Everyone from the outlying ranches came to town on a Saturday morning to do the shopping and to see some fresh faces. Got mighty damn lonely sitting on a ranch away from town all week. The merchants were doing a brisk business and he noted all the women and children bustling about the boardwalks.
One thing he didn’t need was a gun battle with careless bullets flying all over everywhere, doing damage and hurting innocent folks. And he didn’t have a single idea how to avoid it.
“Damn it,” he grumbled as he hitched his own gun belt a bit higher on his hips and started walking down the street toward the horseman.
Sunlight beat down onto Tanglewood, giving the town its first taste of the coming summer. A clear blue sky shimmered with the reflected heat, and as he walked, Ridge felt a drop or two of sweat roll along his spine. It was always like that, he remembered absently. Just before trouble started, all of his senses quickened.

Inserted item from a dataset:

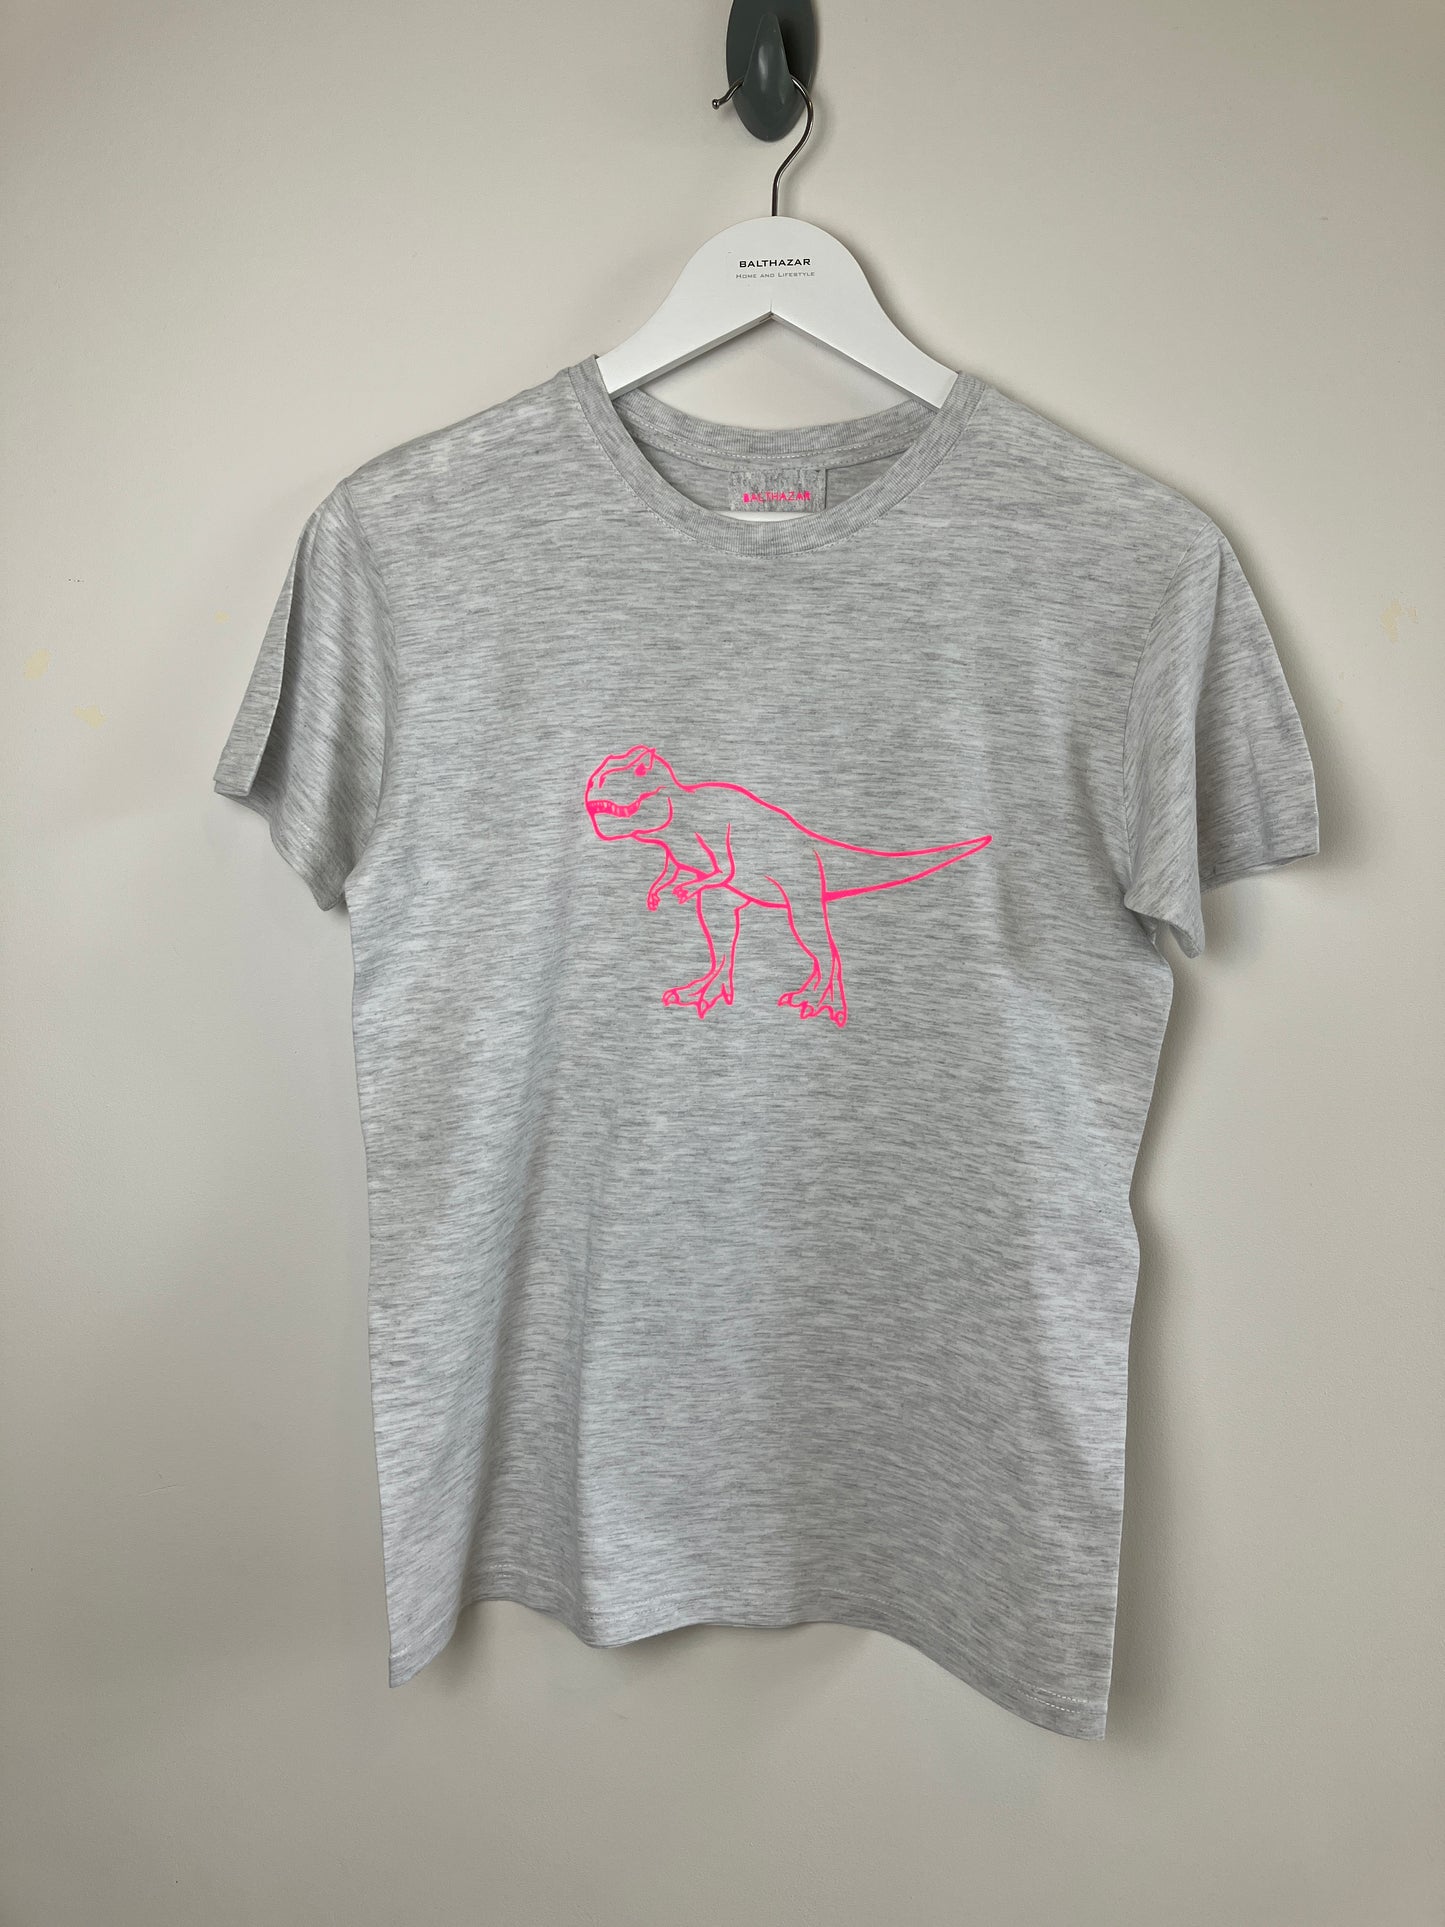 Large Dinosaur t-shirt- customised dinosaurs

He could taste the dust in the air, smell the bread baking in the restaurant, and hear the high-pitched shouts of children playing somewhere to his left. But even as his senses went on alert, his gaze never strayed from the man still moving toward him on a slow-stepping horse.
It was all too damn familiar. How many times had he walked into trouble? How many times over the years had he actually courted it? Until he’d come here.
To this town. And this life.
●
“Mr. Simpson,” Sophie said, placing both hands on the polished wood counter and leaning toward the little man staring at her as though she might start foaming at the mouth. “I’ve already received a donation of all the lumber we’ll need from the mill at Ford Creek. All I’m asking you to do is donate the paint and window glass required to complete the job on the schoolhouse.”
“Now, ma’am,” the man said, after clearing his throat loudly, “it ain’t that I don’t want to give ya the paint...”
Sophie just looked at him, waiting. She’d been dealing with the merchants of Tanglewood long enough now to recognize the dance of delaying tactics. Though they all eventually capitulated, it seemed to make them feel better to fight her for a while first.